▶ [Data shown]:
★ ★ ★ ★

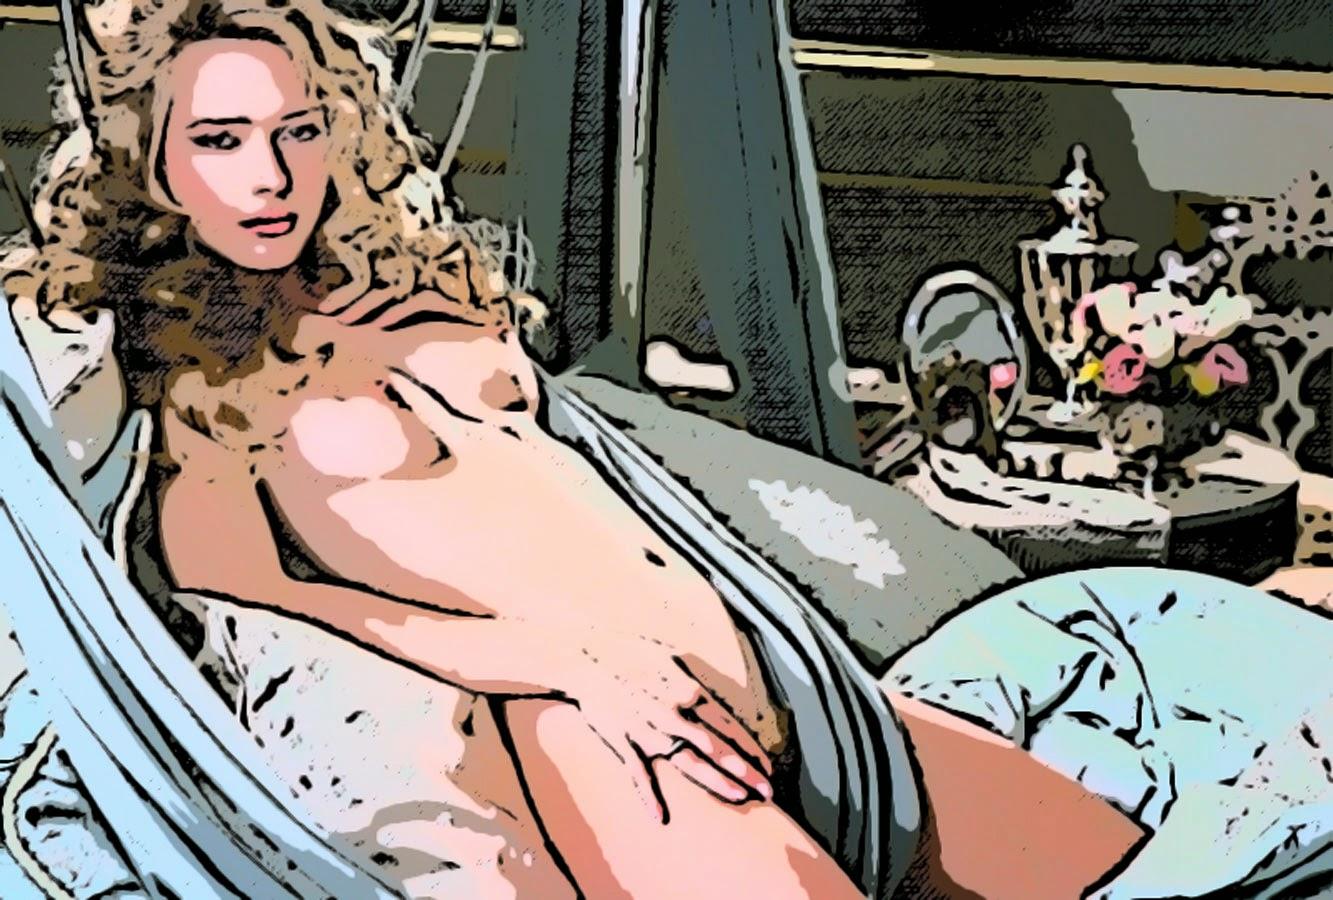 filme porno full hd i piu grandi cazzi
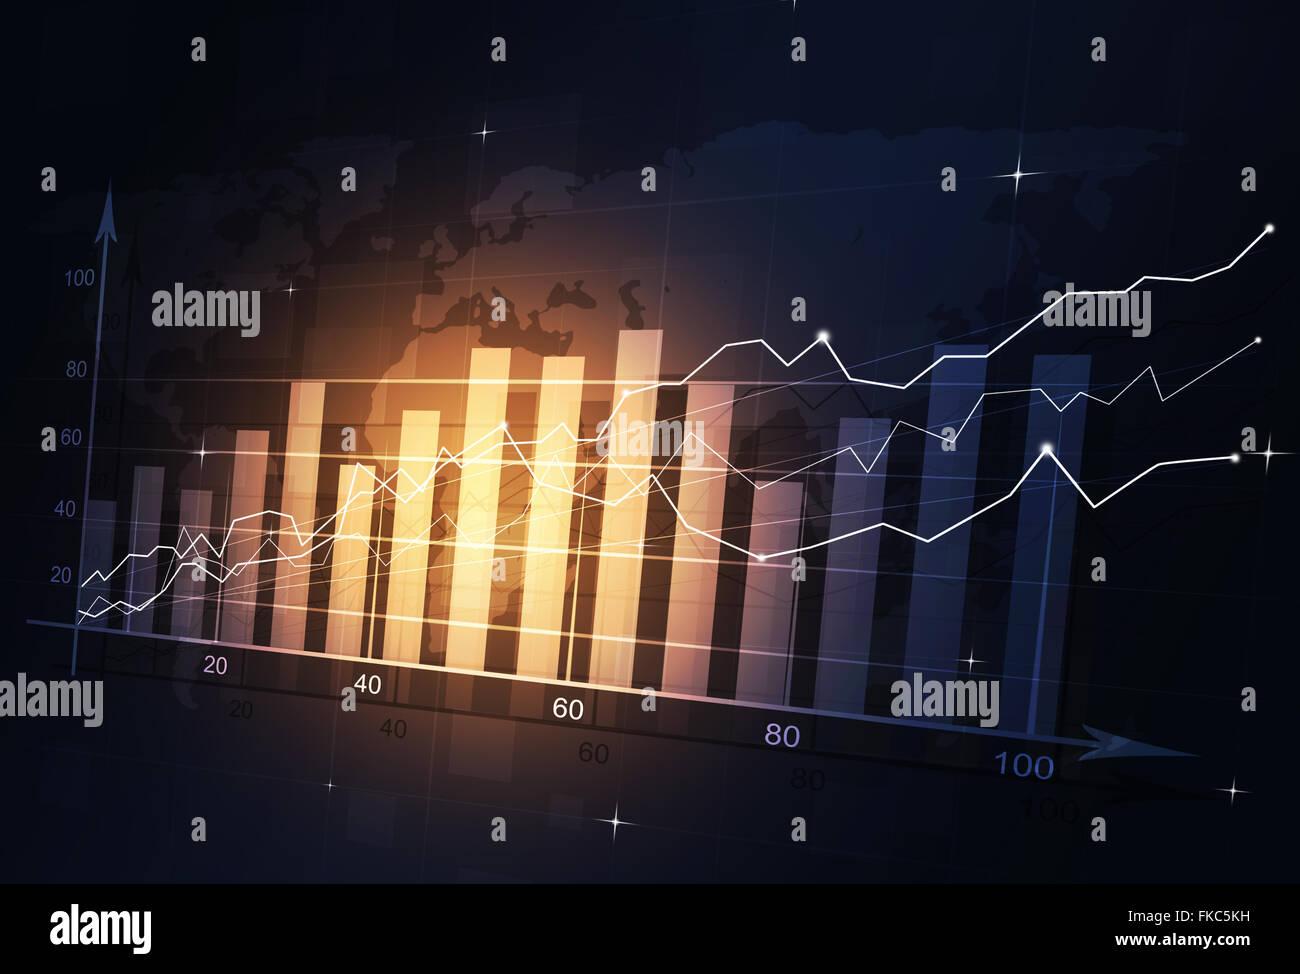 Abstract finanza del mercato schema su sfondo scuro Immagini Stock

★ ★ ★ ★

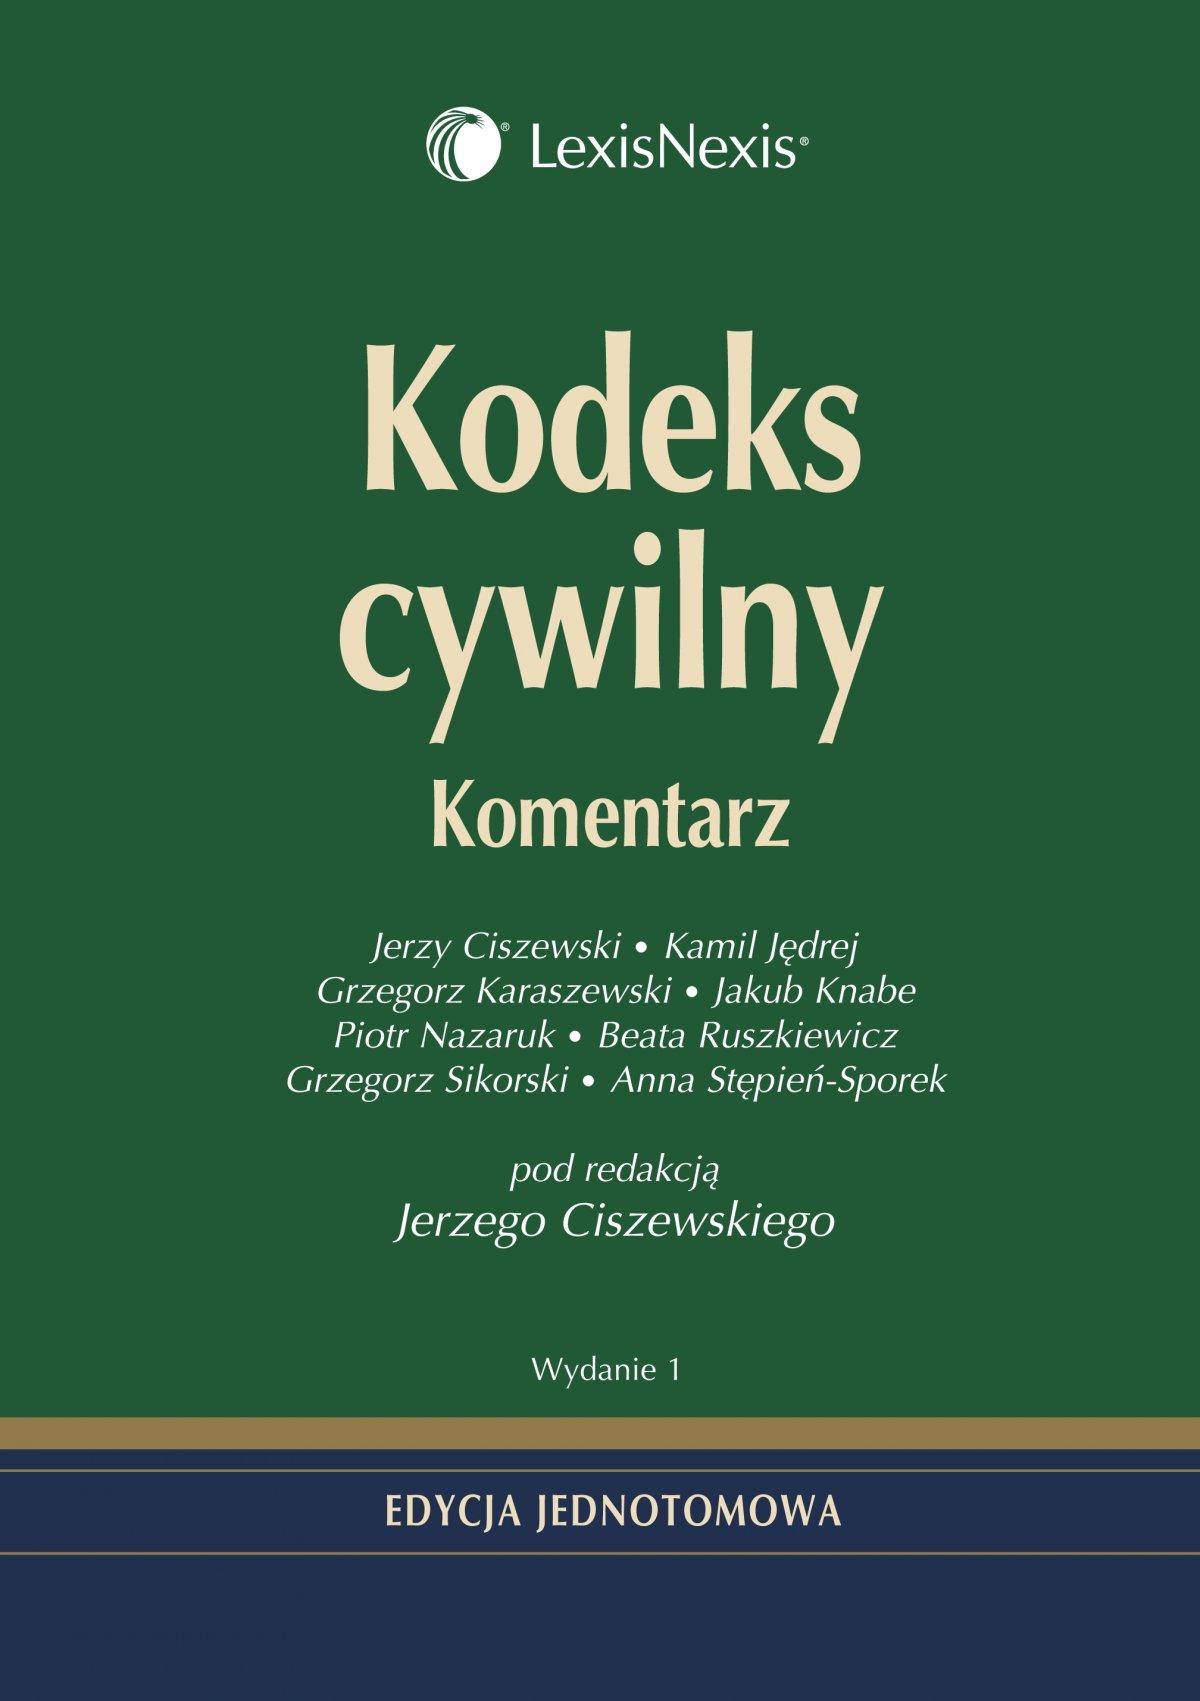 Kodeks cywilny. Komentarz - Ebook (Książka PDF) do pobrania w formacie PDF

★ ★ ★ ★

▶ [Description of the task]: Only the lines starting at the one that includes "filme porno full hd i piu grandi cazzi" and ending at the one that includes "Abstract finanza del" should be retyped, exactly, from the records above; no pictures.

▶ [Result of this task]:
 filme porno full hd i piu grandi cazzi
 Abstract finanza del mercato schema su sfondo scuro Immagini Stock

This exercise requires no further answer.